Removing servers must be done carefully to avoid causing an availability outage. For a datacenter of N servers, at least (N/2)+1 must be available for the datacenter to function. Check this deployment table. If you have 3 servers and 1 of them is currently failing, removing any other servers will cause the datacenter to become unavailable.

To avoid this, it may be necessary to first add new servers to the datacenter, increasing the failure tolerance of the datacenter, and then to remove old servers. Even if all 3 nodes are functioning, removing one leaves the datacenter in a state that cannot tolerate the failure of any node.

Once you have verified the existing servers are healthy, and that the datacenter can handle a node leaving, the actual process is straightforward. You issue a leave command to the server.

$ consul leave

The server leaving should contain logs like:

[INFO] consul: server starting leave
[INFO] raft: Removed ourself, transitioning to follower

The leader should also emit various logs including:

[INFO] consul: member 'node-10-0-1-8' left, deregistering
[INFO] raft: Removed peer, stopping replication

At this point the node has been gracefully removed from the datacenter, and will shut down.

To remove all agents that accidentally joined the wrong set of servers, clear out the contents of the data directory (-data-dir) on both client and server nodes.

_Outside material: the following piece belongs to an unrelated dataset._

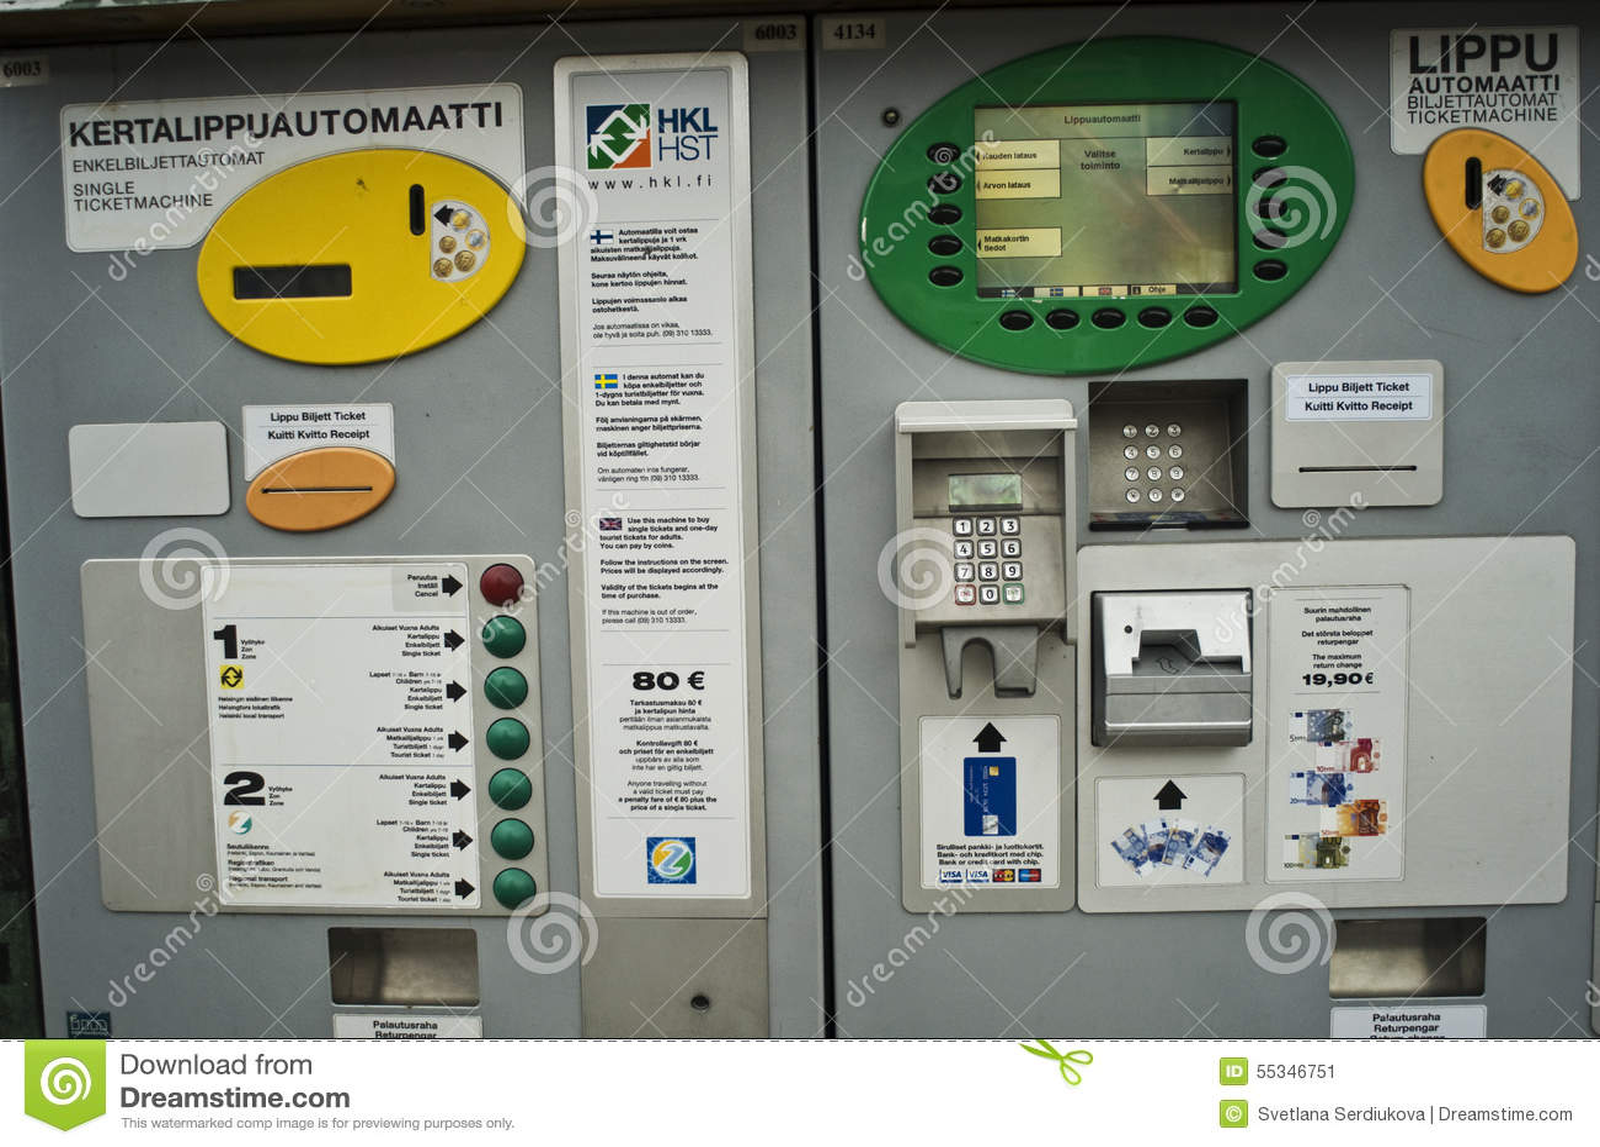 Automatic Ticket Vending Machine in Helsinki, Finland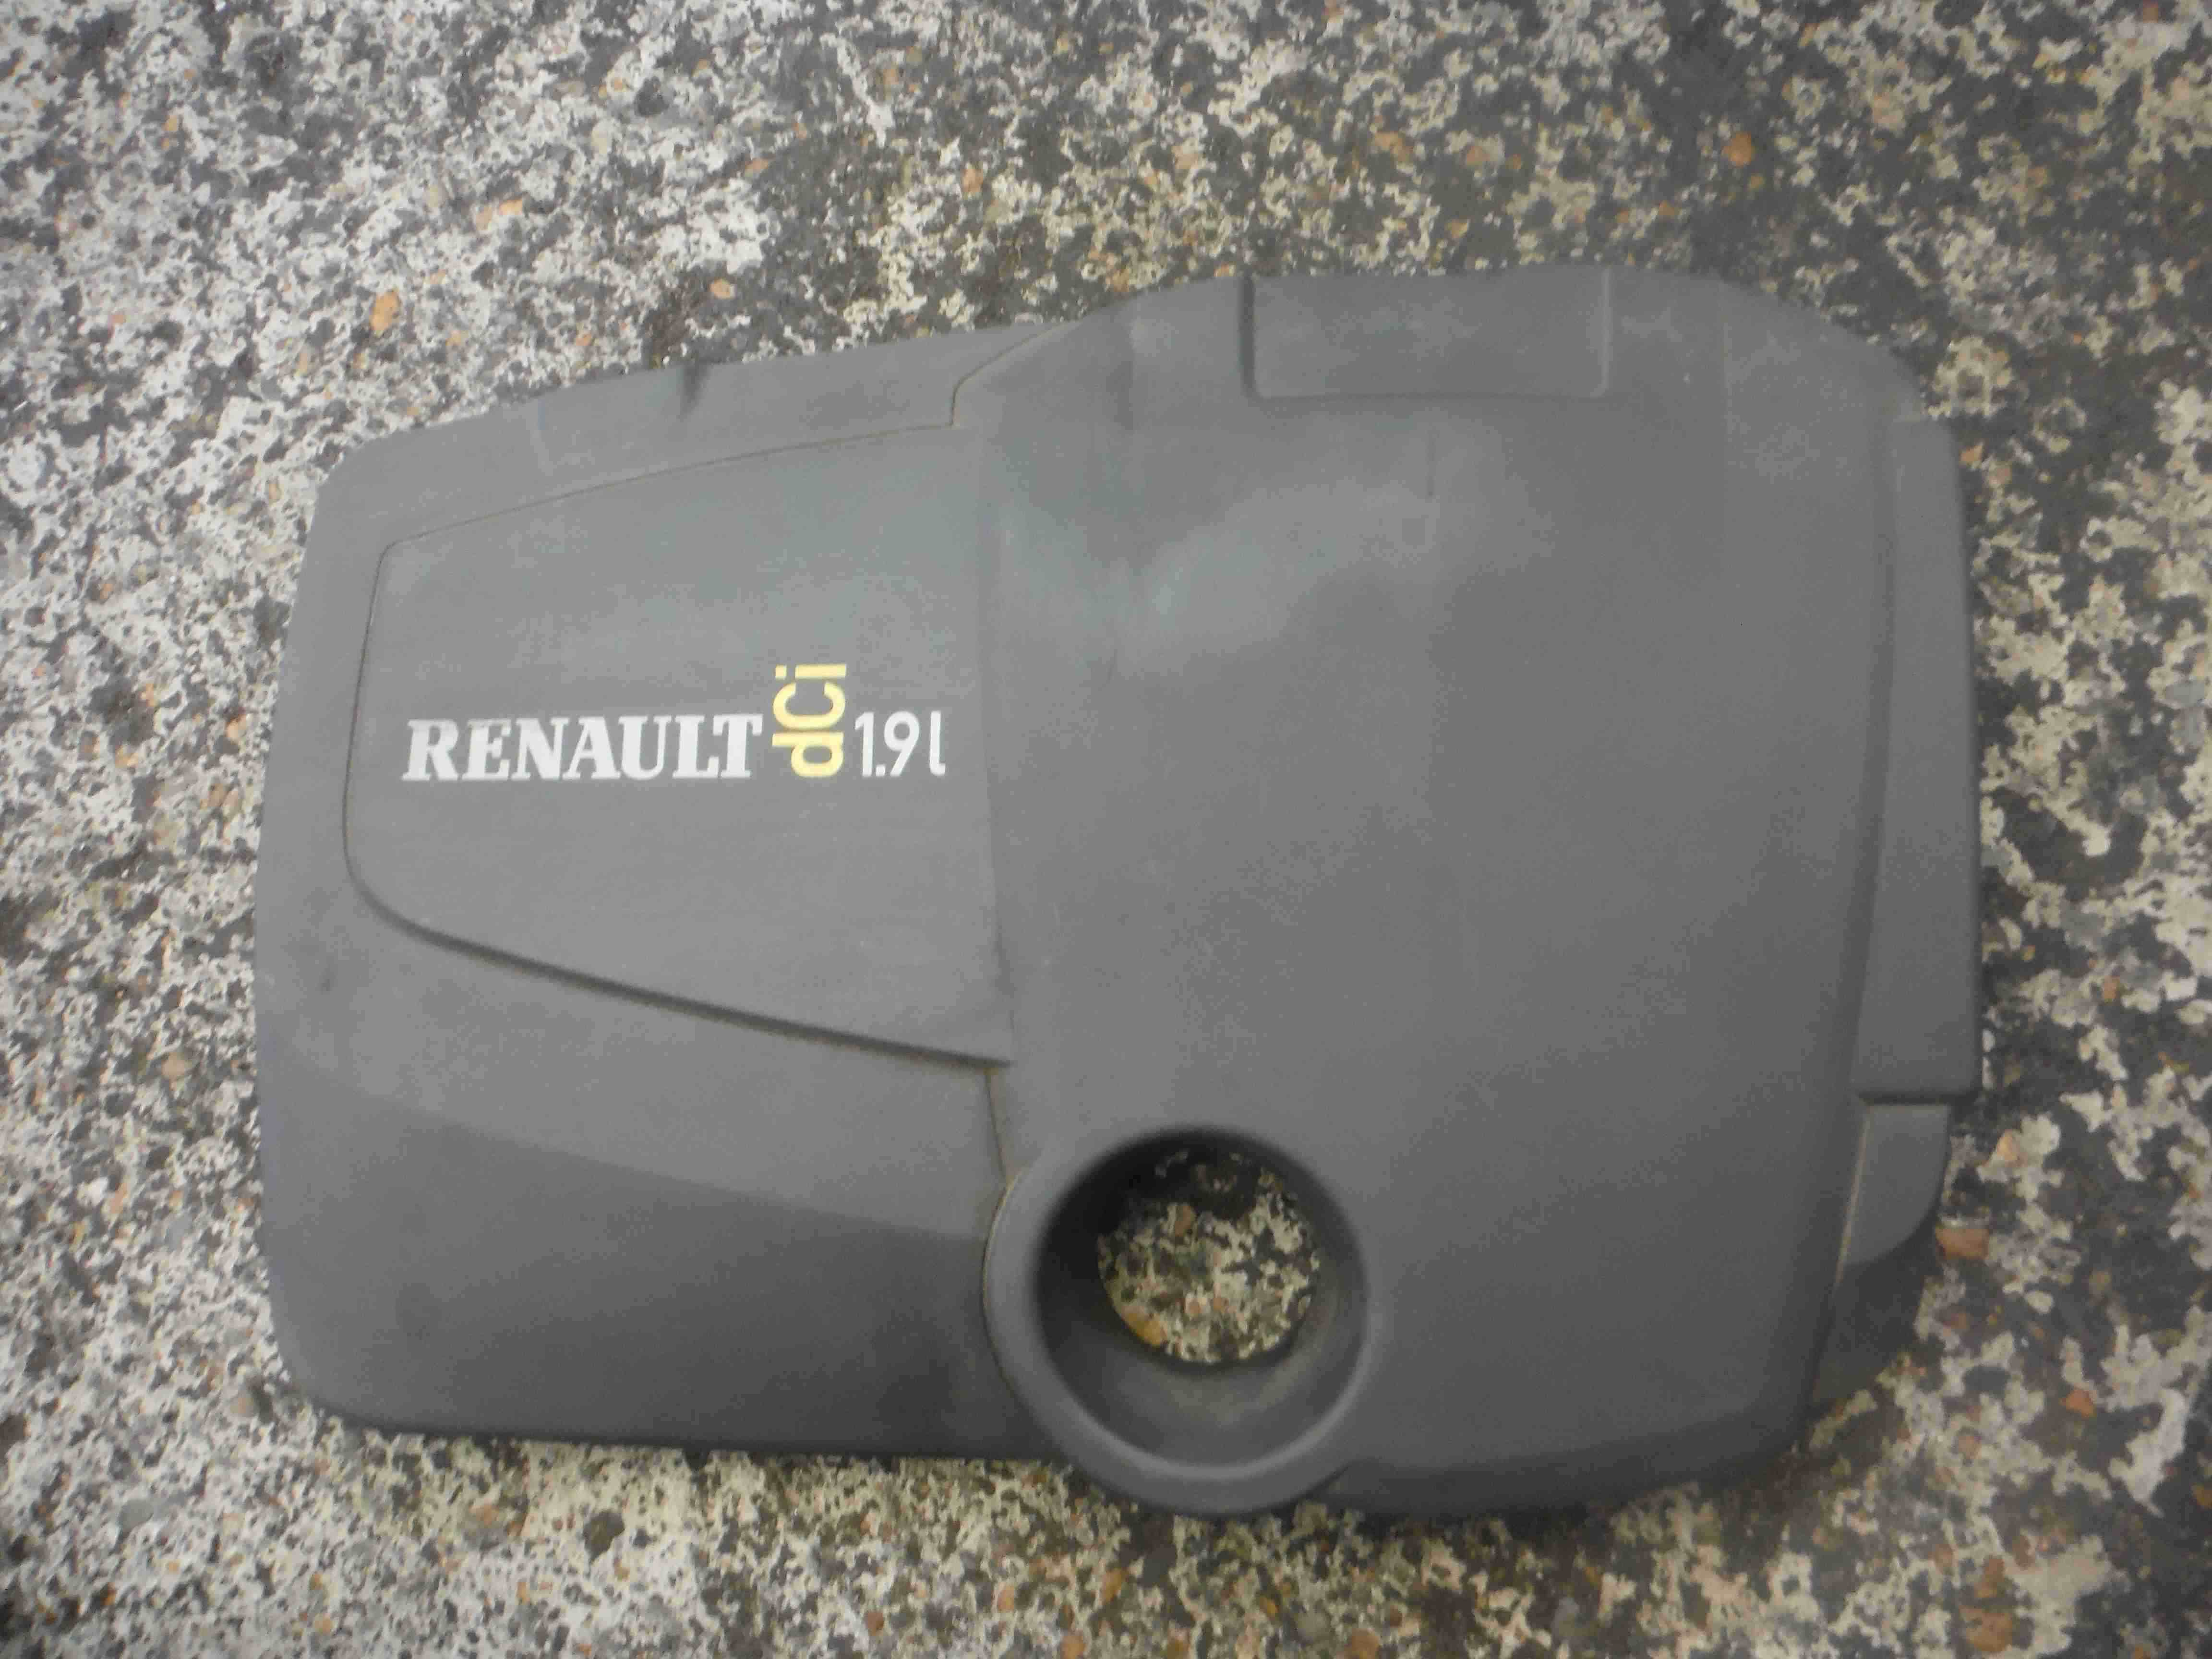 Renault Megane 2002-2008 19dCi Plastic Engine Cover 8200391485

These graceful methods to remove servers assume you have a healthy datacenter. If the datacenter has no leader due to loss of quorum or data corruption, you should plan for outage recovery.

»Manual forced removal

In some cases, it may not be possible to gracefully remove a server. For example, if the server simply fails, then there is no ability to issue a leave. Instead, the datacenter will detect the failure and replication will continuously retry.

If the server can be recovered, it is best to bring it back online and then gracefully leave the datacenter. However, if this is not a possibility, then the force-leave command can be used to force removal of a server.

$ consul force-leave <node>

This is done by invoking that command with the name of the failed node. At this point, the datacenter leader will mark the node as having left the datacenter and it will stop attempting to replicate.

»Next steps

In this tutorial, you learned the straightforward process of adding and removing servers including; manually adding servers, adding servers through the agent configuration, gracefully removing servers, and forcing removal of servers. Finally, you should remember that while manually adding servers is good for testing purposes, however, for production it is recommended to add servers with the agent configuration.